Średnia wieku samolotów pasażerskich wynosi 13 lat, natomiast samoloty transportowe są jeszcze starsze, mając średnio 25 lat. Zmiany w tej sferze przyniosły już pozytywne rezultaty – od 1990 roku lotnictwo stało się o wiele bardziej energooszczędne, dzięki wprowadzeniu nowoczesnych samolotów, które zużywają mniej energii na pasażerokilometr. Na przykład, w 1990 roku zużycie wynosiło 2,9 MJ, a w 2019 roku spadło do 1,3 MJ.
Kolejnym krokiem w stronę dekarbonizacji lotnictwa jest wdrożenie paliw alternatywnych. SAF, choć nadal drogie, ma potencjał, by ograniczyć emisje dwutlenku węgla nawet o 80 proc. w cyklu życia paliwa. Jednak na dzień dzisiejszy, ich wykorzystanie pozostaje marginalne – w 2022 roku jedynie pół miliona z 28 milionów lotów na całym świecie korzystało z ekologicznych paliw.

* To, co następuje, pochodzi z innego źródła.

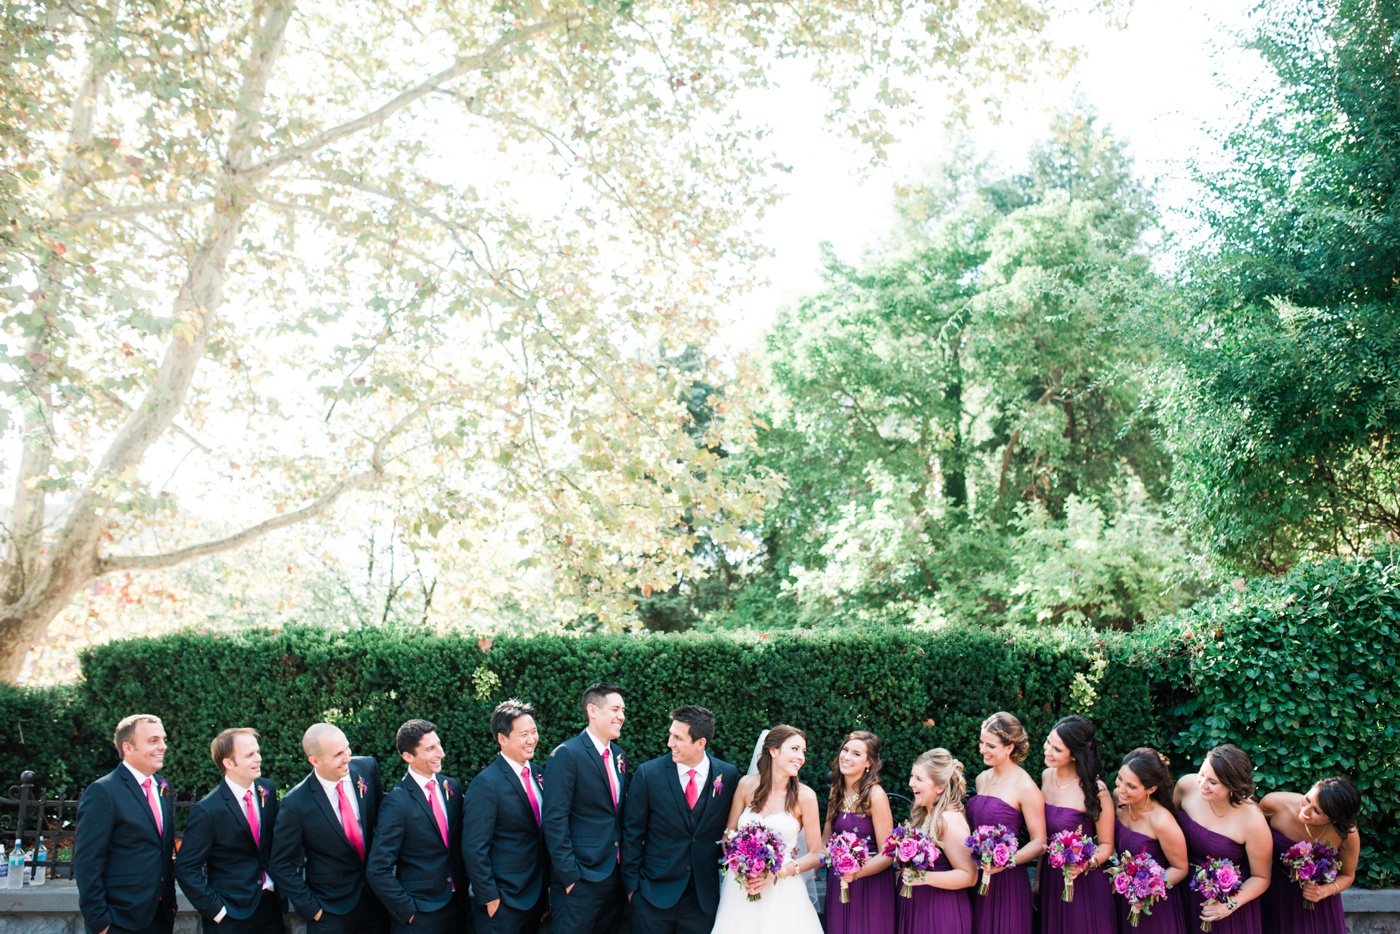 56 - Purple Floor Length Donna Morgan Bridesmaid Dress - A Garden Party Florist photo

W Unii Europejskiej, zgodnie z programem ReFuelEU Aviation, od 2025 roku co najmniej 2 proc. paliwa lotniczego musi być ekologiczne, a ten udział ma wzrosnąć do 70 proc. do 2050 roku.
Przełomem w tej dziedzinie może być zastosowanie wodoru jako paliwa. W 2023 roku odbył się pierwszy transatlantycki lot samolotu pasażerskiego zasilanego wyłącznie paliwami alternatywnymi. Airbus planuje wprowadzenie na rynek pierwszego komercyjnego samolotu na wodór już w 2035 roku. Jednakże, jak podkreśla Pelissier, oprócz samolotów konieczne jest stworzenie odpowiedniej infrastruktury na lotniskach, która pozwoli na bezpieczne tankowanie i obsługę samolotów napędzanych wodorem.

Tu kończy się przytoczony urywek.